将MySQL采集器接入Prometheus:

同样的,修改Prometheus的配置文件,增加一个target:

[root@node4 ~]# cat /usr/local/prometheus/prometheus.yml 
# my global config
global:
  scrape_interval: 15s # Set the scrape interval to every 15 seconds. Default is every 1 minute.
  evaluation_interval: 15s # Evaluate rules every 15 seconds. The default is every 1 minute.
  # scrape_timeout is set to the global default (10s).

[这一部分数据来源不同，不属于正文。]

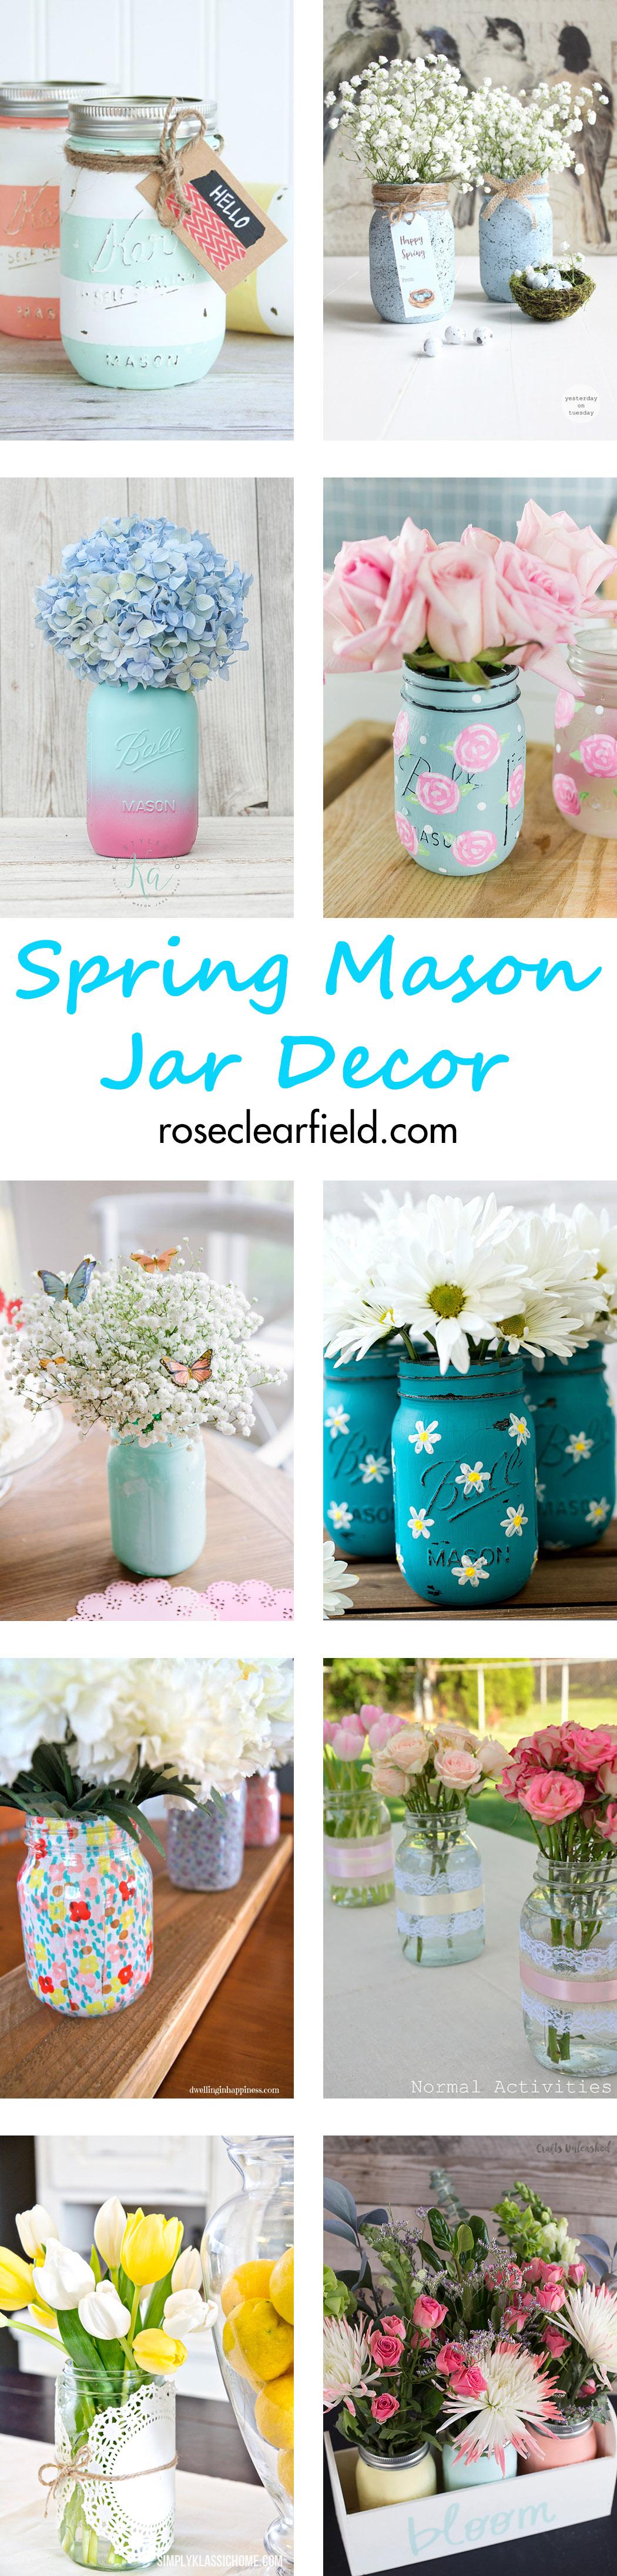 Spring Mason Jar Decor | http://www.roseclearfield.com

# Alertmanager configuration
alerting:
  alertmanagers:
    - static_configs:
        - targets:
          # - alertmanager:9093

# Load rules once and periodically evaluate them according to the global 'evaluation_interval'.
rule_files:
  # - "first_rules.yml"
  # - "second_rules.yml"

# A scrape configuration containing exactly one endpoint to scrape:
# Here it's Prometheus itself.
scrape_configs:
  # The job name is added as a label `job=<job_name>` to any timeseries scraped from this config.
  - job_name: "prometheus"

    # metrics_path defaults to '/metrics'
    # scheme defaults to 'http'.

    static_configs:
      - targets: ["192.168.217.24:9090"]
  - job_name: "server"
    static_configs:
      - targets: ["192.168.217.24:9100"]
      - targets: ["192.168.217.23:9100"]
  - job_name: "mysqld"
    static_configs:
      - targets: ["192.168.217.23:9104"]

重启Prometheus server,再次打开浏览器,查看target,有一个绿色up表示接入成功:

 六,

部署Grafana (在192.168.217.24上部署的)

Download Grafana | Grafana Labs

 yum安装完毕后,Grafana就已经可以使用了,直接浏览器打开,输入192.168.217.24:3000就可以登录,初始的账号/密码是 admin/admin,登录后将会要求修改初始密码,按要求修改就可以了。(修改后的密码要记住哦)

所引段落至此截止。